Wednesday 09 September 2009

In his Sky Sports analysis of Manchester City’s 1-0 win over Portsmouth last weekend, Andy Gray ran repeated slow motion footage of Emmanuel Adebayor’s headed winner from a Gareth Barry corner. The replays showed Adebayor timing his run to perfection, losing his marker and thumping home a header past keeper Asmir Begovic. Presenter Richard Keys then asked Gray: “What if it had been Liverpool there?” And so what followed was the mythical ‘39th game’ - Manchester City vs. Liverpool at Fratton Park - not exactly the exotic destination that Richard Scudamore had in mind. Gray asserted that Adebayor would still have scored against Liverpool due to the sheer height that he reached whilst climbing to head the ball, way above his nearest imaginary opponent ‘Jamie Carragher’ and so rendering the whole zonal marking debate that Keys was hoping to provoke null and void. For now.


Rafa Benitez’s decision to go against the less traditional manner of defensive set-up has been an ever present topic for debate since the Spaniard’s arrival in England in 2004. Everyone marks man-to-man from set pieces don’t they? It’s the done thing, the way that things have gone on for ever and ever, from the Sunday League to the Champions League. Anything else is nonsense isn’t it? Why do Liverpool insist on playing it differently?



Their manager’s preference for zonal marking dates back to his playing days. Aged just 26, injury cut short Benitez’s progress as a midfielder in the lower reaches of the Spanish leagues. He ended his career with an impressive 17 goals from 34 games for Linares CF, a club in a small town in Andalucía that is famous for its annual chess tournament. Benitez took a great interest in the strategies of the board game, and began to ponder just how tactics from other sports could influence football. He took a basketball coaching course on top of prolonging his education in football, paying particular attention to basketball’s half and full-court presses - defensive systems that can employ zonal marking to shut out the opposition and limit scoring opportunities by blocking out the space in which to create them. Benitez didn’t invent zonal marking but took an early stance that it was the right choice for him, and has implemented it ever since - but strange things can happen in Liverpool’s own twilight zone.
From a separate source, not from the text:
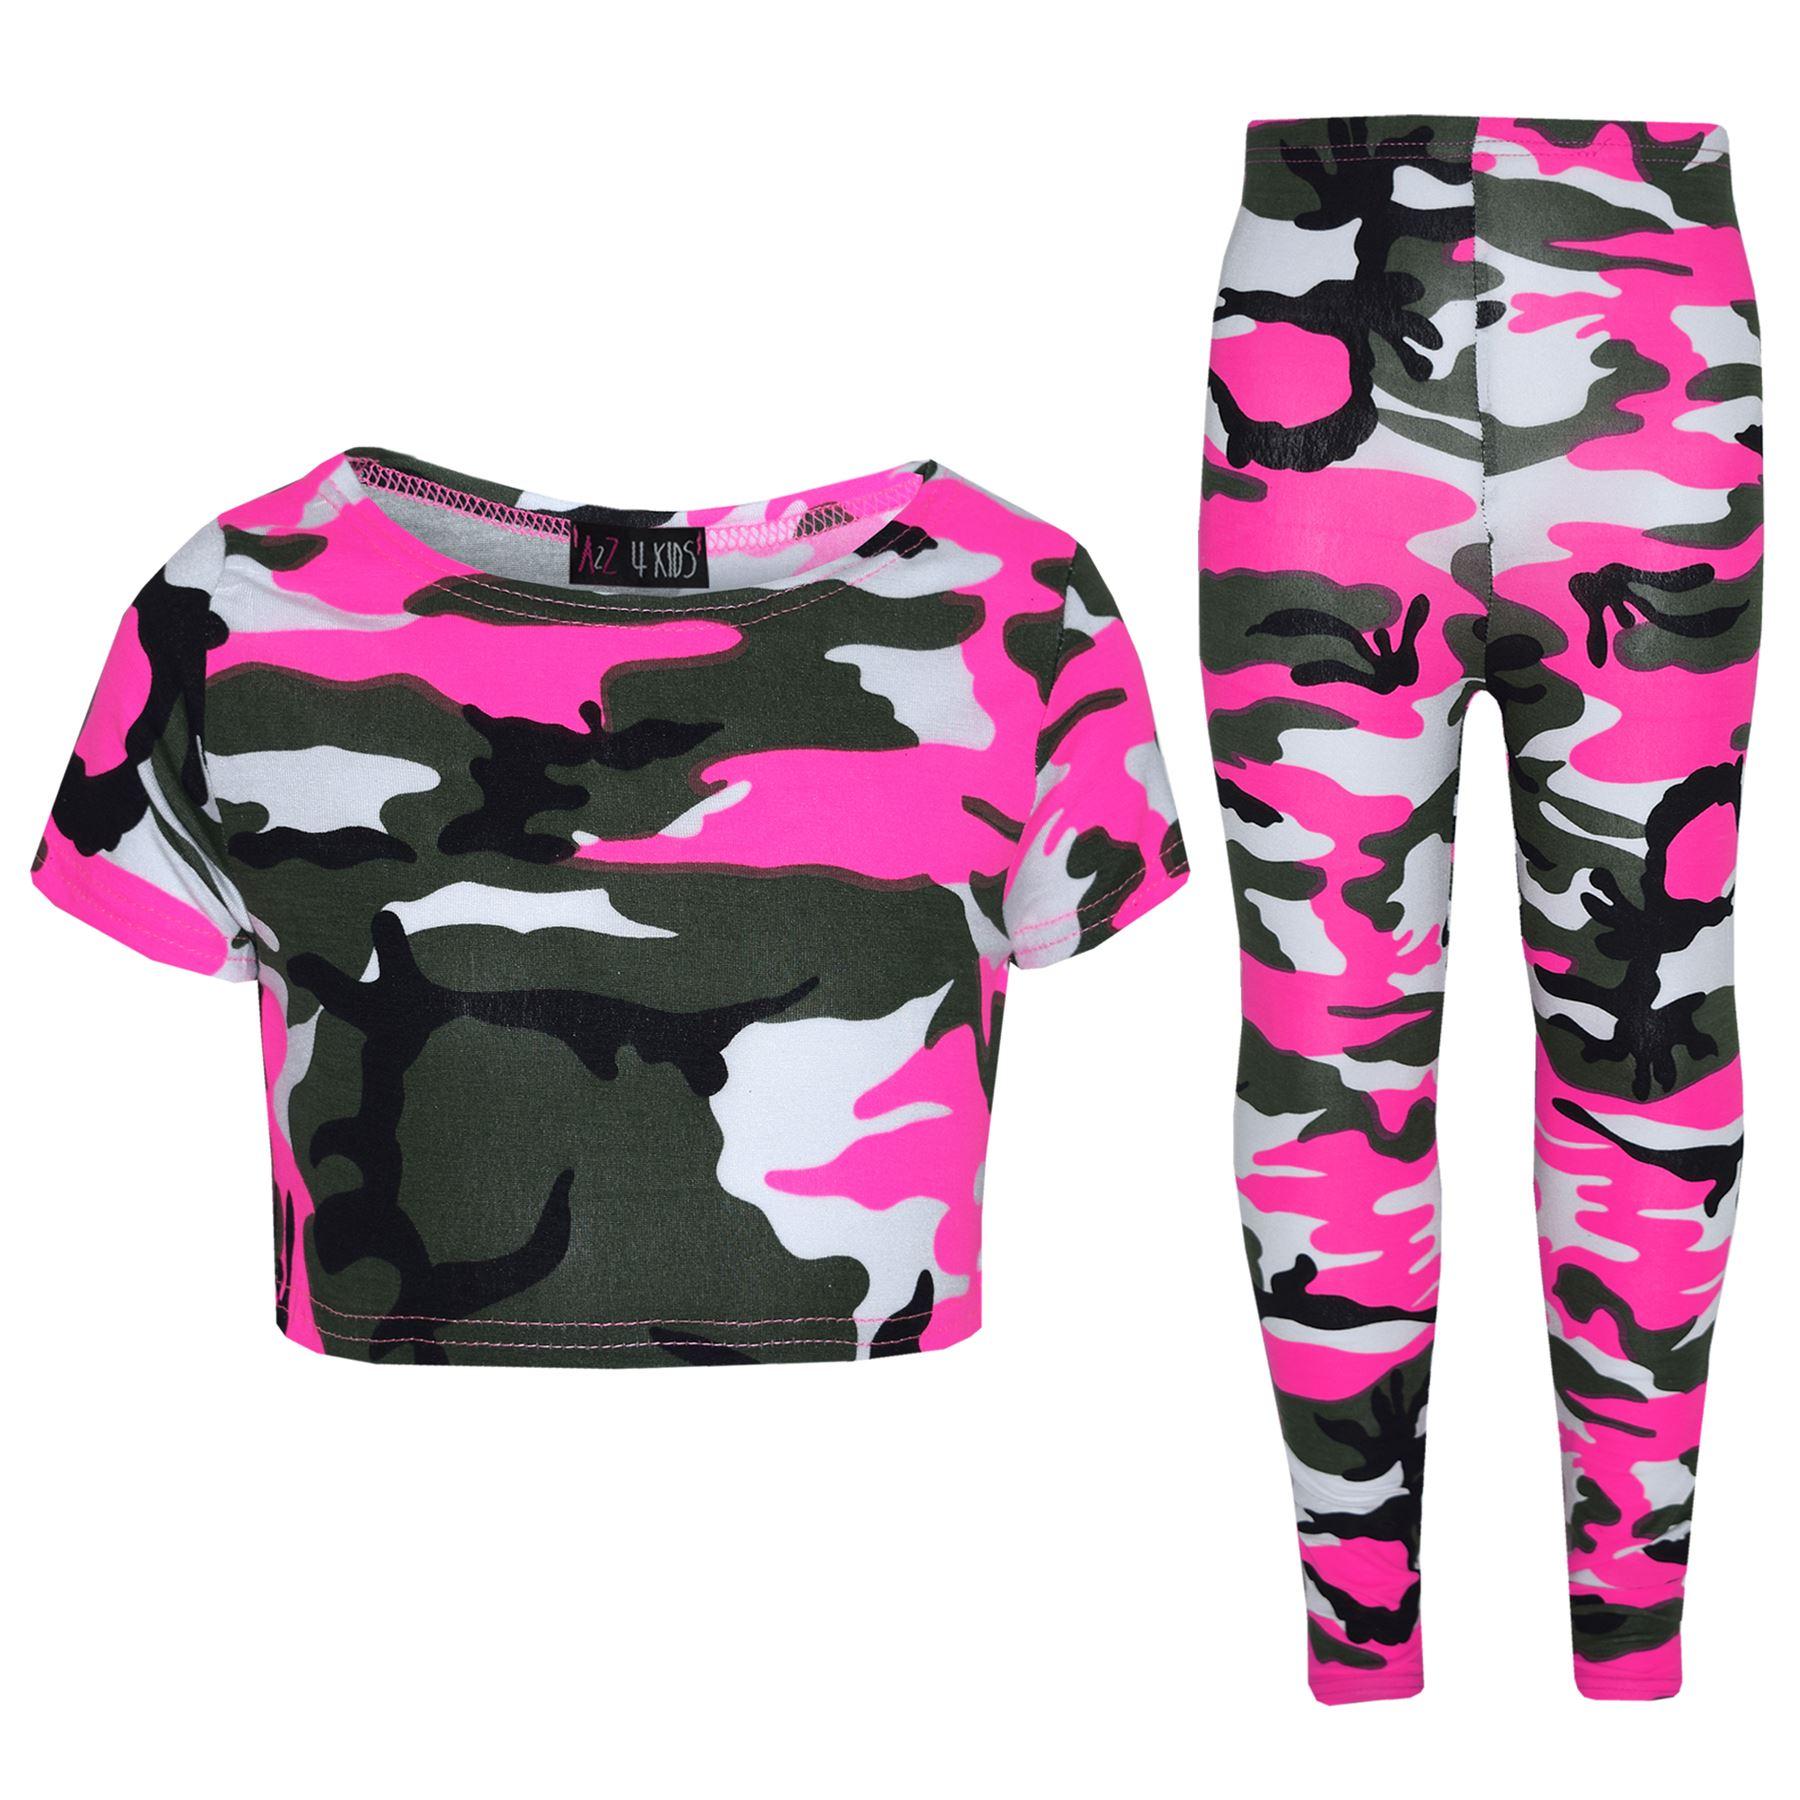 A2Z 4 Kids Girls Tops Kids Designers Camouflage Print Trendy Crop Top Legging Set 7-13 Yr

Contrary to popular belief, the stats will tell you that the Reds conceded fewer goals from set pieces than the rest of the big four last season, and have always been quite solid when it comes to defending corners and free-kicks during Benitez’s time in charge. So why is it always an issue with commentators and pundits? The answer is probably two-fold. Firstly, because it is a different and dare we say ‘un-English’ way of doing things, and second - and most relevantly - whenever the Reds do concede from a set-piece, they tend to do so at the worst possible times and in the biggest games. This may be a coincidence, but is perhaps best viewed as evidence of the better teams exploiting a system that, just like man-to-man marking, has its flaws. Think Branislav Ivanovic’s improbable Champions League double last season, Paolo Maldini in Istanbul, a plethora of Manchester United goals from set pieces whilst they held the Indian sign over Benitez between 2004 and early 2008.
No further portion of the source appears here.